(T2) was removed immediately after the fourth work bout (approximately 11:30 a.m.). The final blood sample (T3) was withdrawn after the final walk (approximately 3:30 p.m.). Collecting tubes were immediately placed into ice and transported to the laboratory for centrifugation (4°C, 10,000 rpm); EDTA plasma or serum was removed and stored (-20°C) for subsequent analysis.
Aldosterone was quantitated in serum using commercially available kits purchased from the Diagnostic Products Corporation (Los Angeles, California) and following techniques described in their technical bulletin (Aldosterone, No Extraction, Coat-A-CountR). This technique provides an approximate detection limit of 16 picograms (pg) per ml and is extremely specific for aldosterone; the range for this hormone is usually 4 to 31 nanograms (ng) per deciliter in salt-replete, standing adults (Aldosterone, No Extraction, Coat-A-CountR). Plasma renin activity was estimated by the quantitation of angiotensin I in EDTA plasma. Commercially available test kits (RIANEN Angiotensin I [125I] RIA Kit) were purchased from DuPont NEN Products (Boston, Massachusetts), and the assay was performed according to techniques outlined in their technical manual (RIANEN Assay System, Angiotensin I, Instruction Manual). When endogenous converting enzyme and angiotensinases of human plasma are appropriately inhibited, then angiotensin I formation quantitatively reflects PRA. Control values in adult men ordinarily range from 1 to 4.1 ng angiotensin I formed per ml per hour (Young, 1987).

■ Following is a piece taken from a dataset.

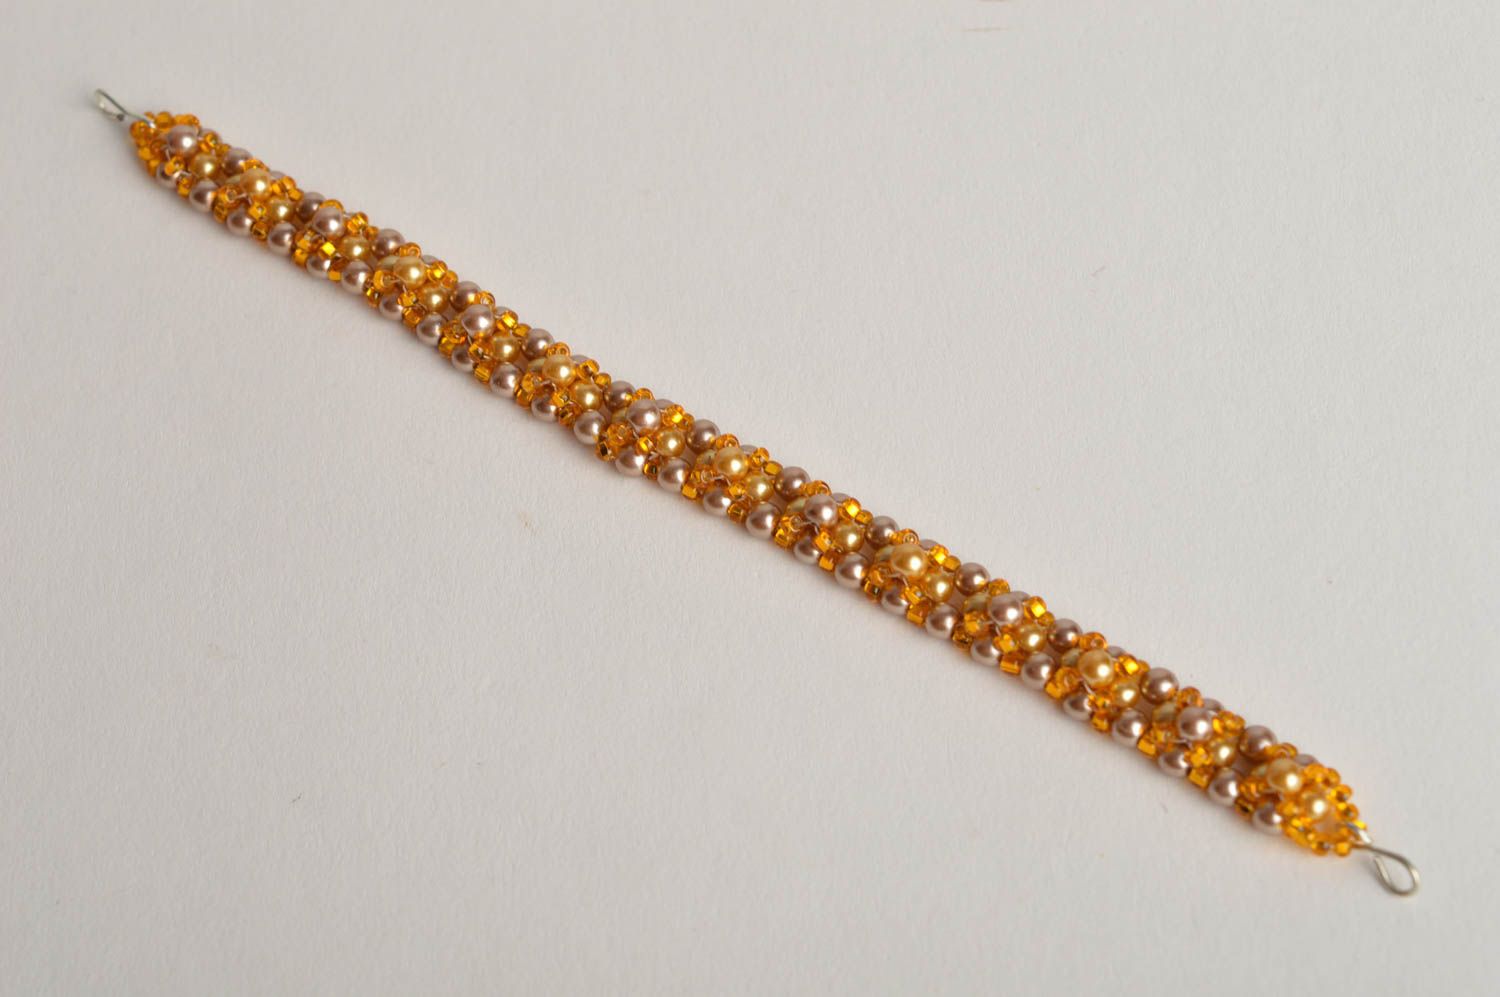 Golden beads cord bracelet wrist all-size bracelet for girls photo 2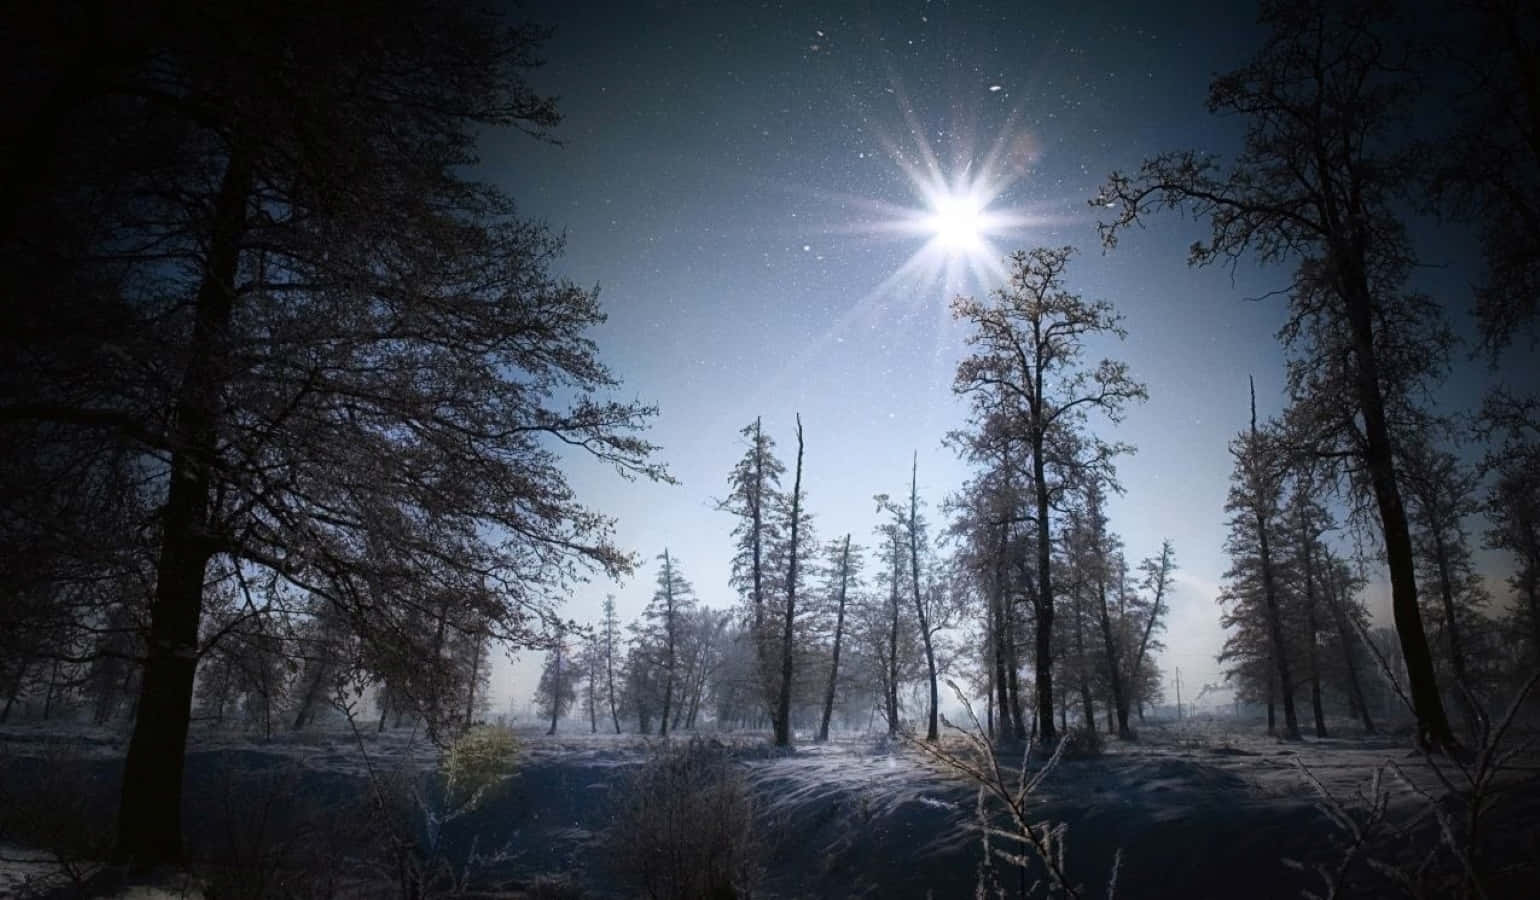 Enchanting Snow-filled Landscape During Winter Solstice

Arginine-vasopressin was quantitated in EDTA plasma according to the techniques outlined by LaRose et al. (1985). One ml of EDTA plasma was treated with 10 µl per ml of 50 percent trifluoroacetic acid to acidify the sample to a pH of 4.0 to 4.5. Rabbit antibody to arg8-vasopressin was purchased from the Calbiochem Corporation (San Diego, California), and 125I-AVP was purchased from the DuPont NEN Corporation. Prepared standards were purchased from the Incstar Corporation (Stillwater, Minnesota). The range of circulating AVP in healthy adult males has been reported to be non-detectable to 4.7 pg per ml (Incstar, Vasopressin 125I RIA Kit).
Repeated measures analysis of variance was performed using statistical package BMDP4V (BMDP Statistical Software, Los Angeles, California). Tukey's mean critical difference test was applied post hoc to determine significant differences of appropriate mean values. The null hypothesis was rejected at p < .05.